Records for this task:
-------------------------

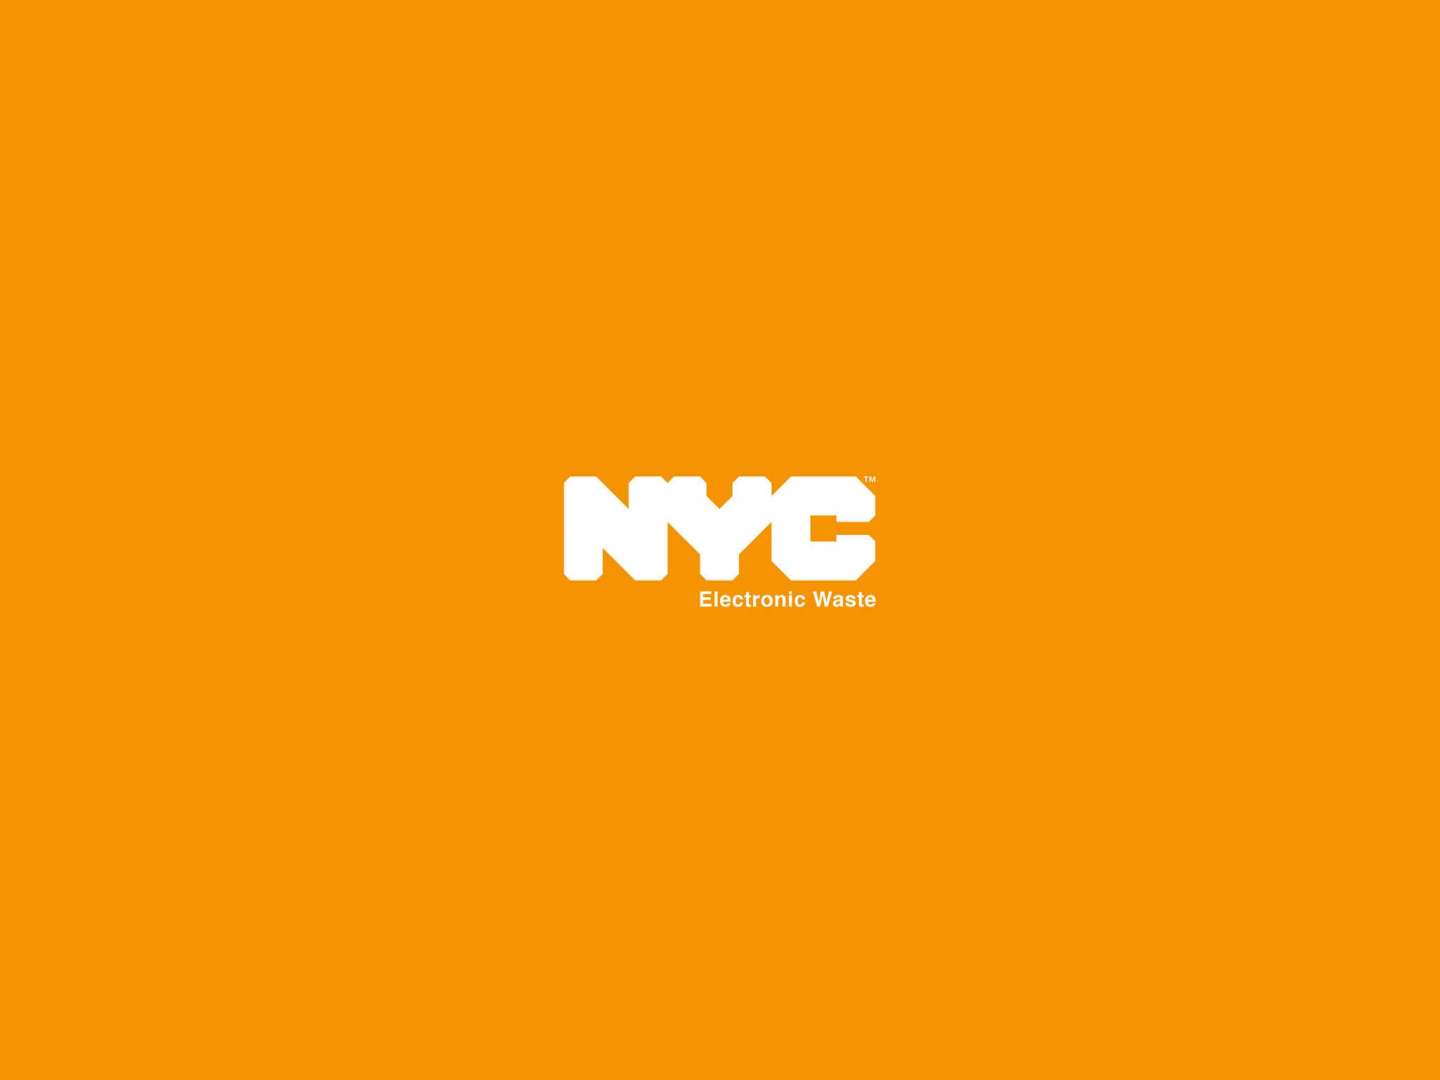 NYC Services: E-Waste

-------------------------

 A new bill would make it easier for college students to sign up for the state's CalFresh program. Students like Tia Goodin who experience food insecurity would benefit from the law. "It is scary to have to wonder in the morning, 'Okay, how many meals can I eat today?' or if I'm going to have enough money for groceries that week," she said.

-------------------------

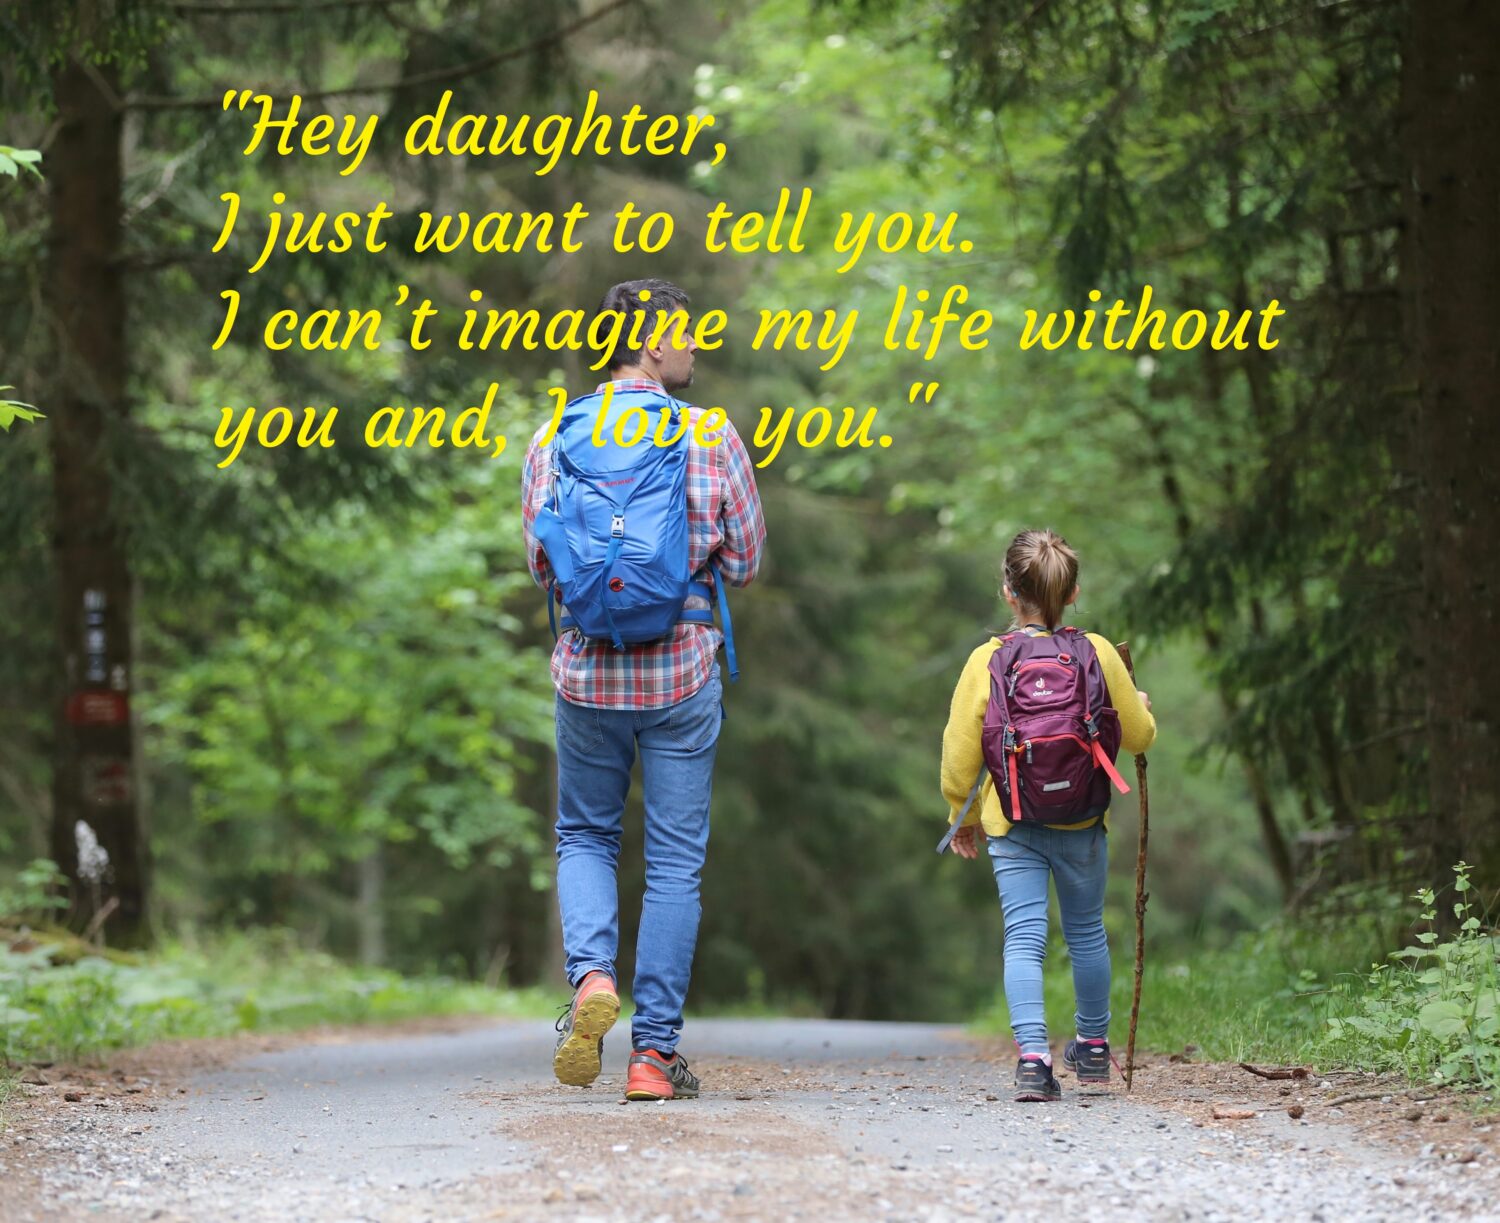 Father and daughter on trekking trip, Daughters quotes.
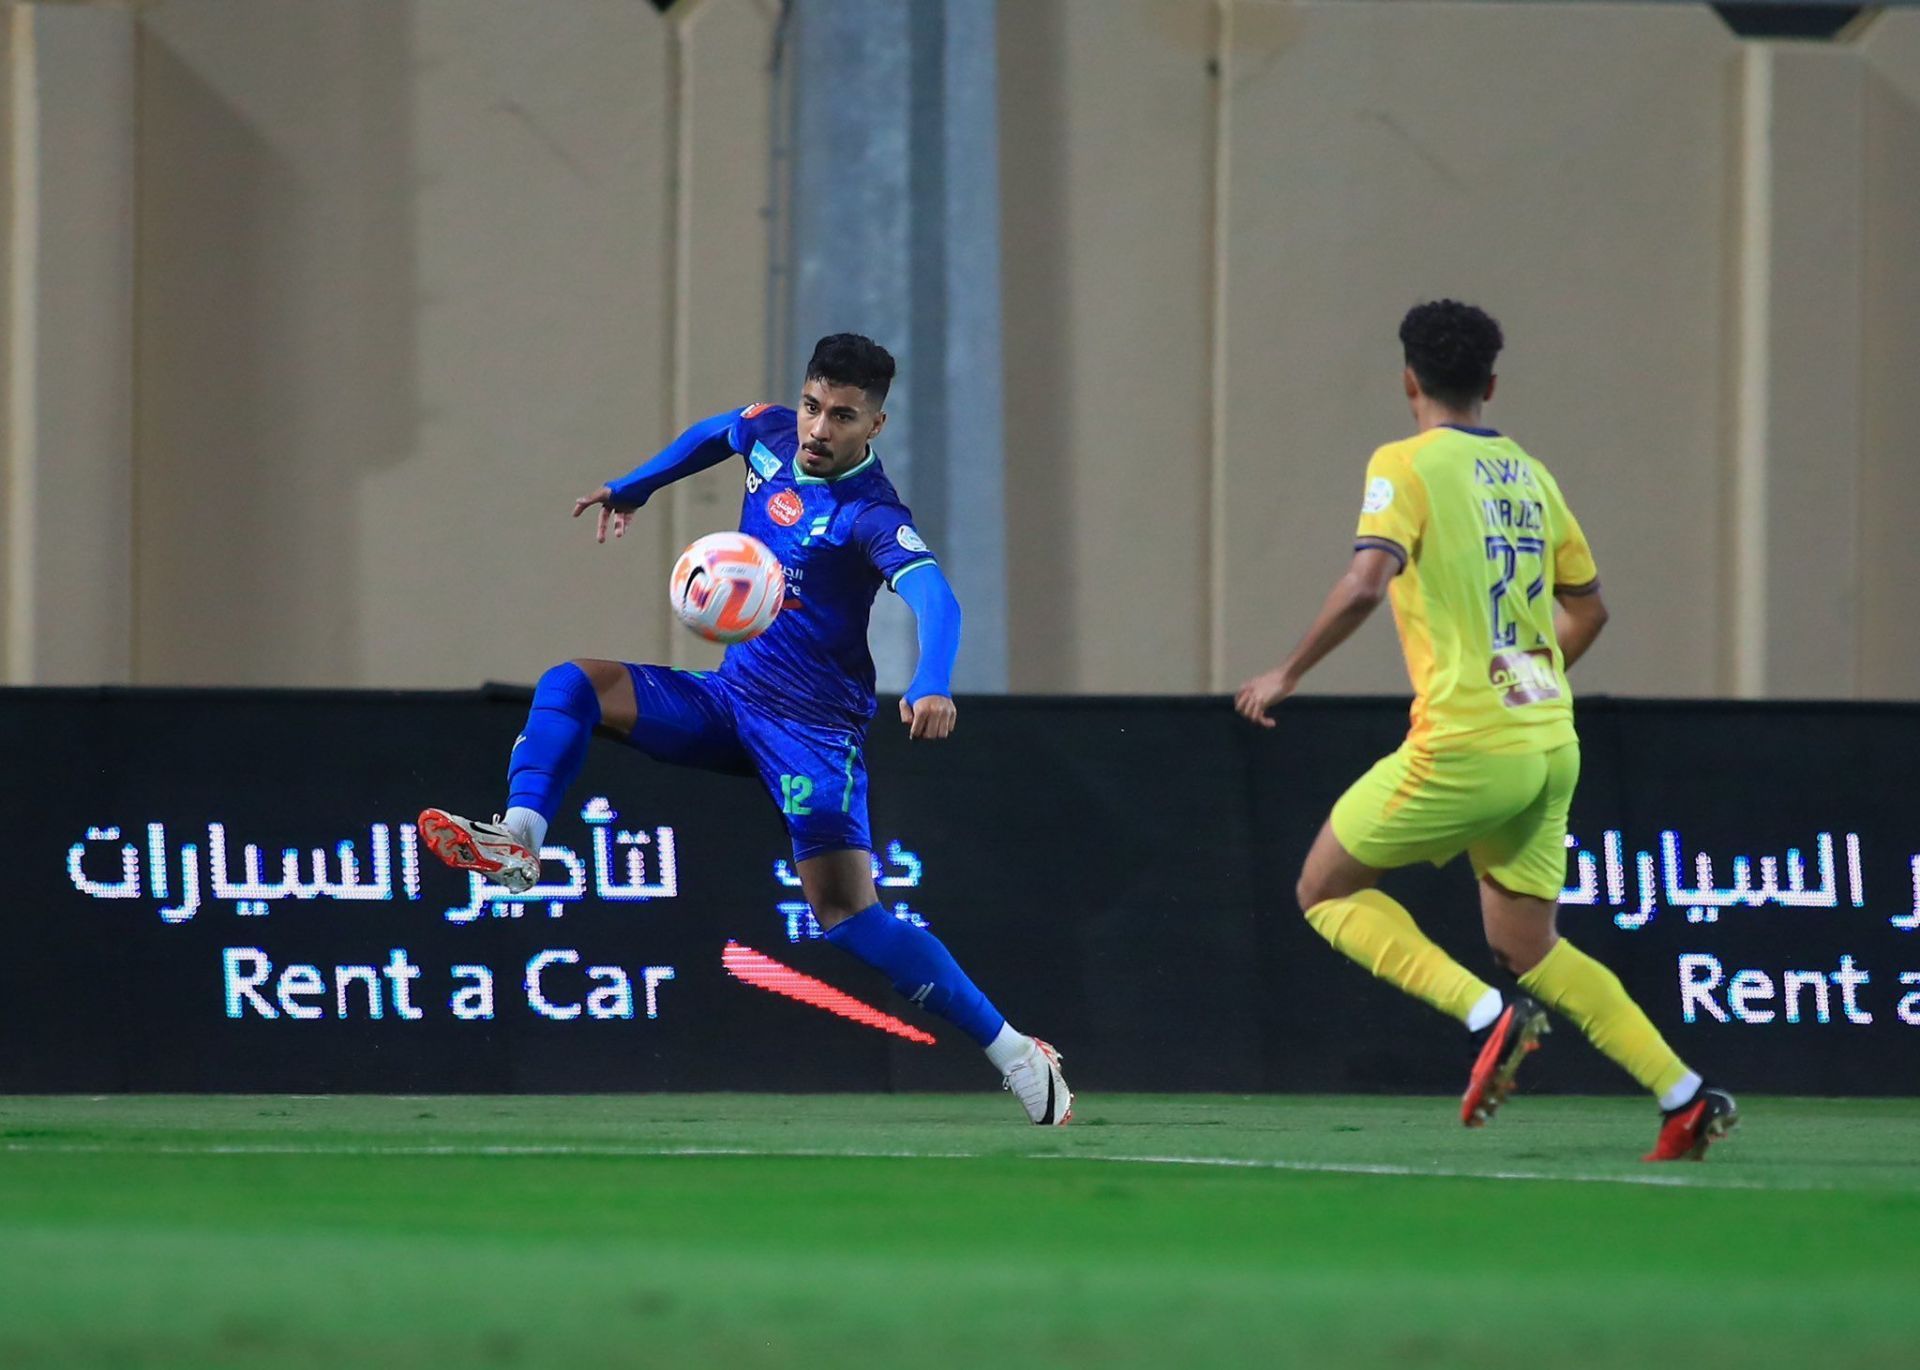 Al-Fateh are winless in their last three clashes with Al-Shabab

-------------------------

About this exercise: Nothing but the lines from the one containing "Father and daughter" through the one containing "Al-Fateh are winless" should appear, copied exactly from the material above and without pictures.

Solution to the problem:
 Father and daughter on trekking trip, Daughters quotes.
 Al-Fateh are winless in their last three clashes with Al-Shabab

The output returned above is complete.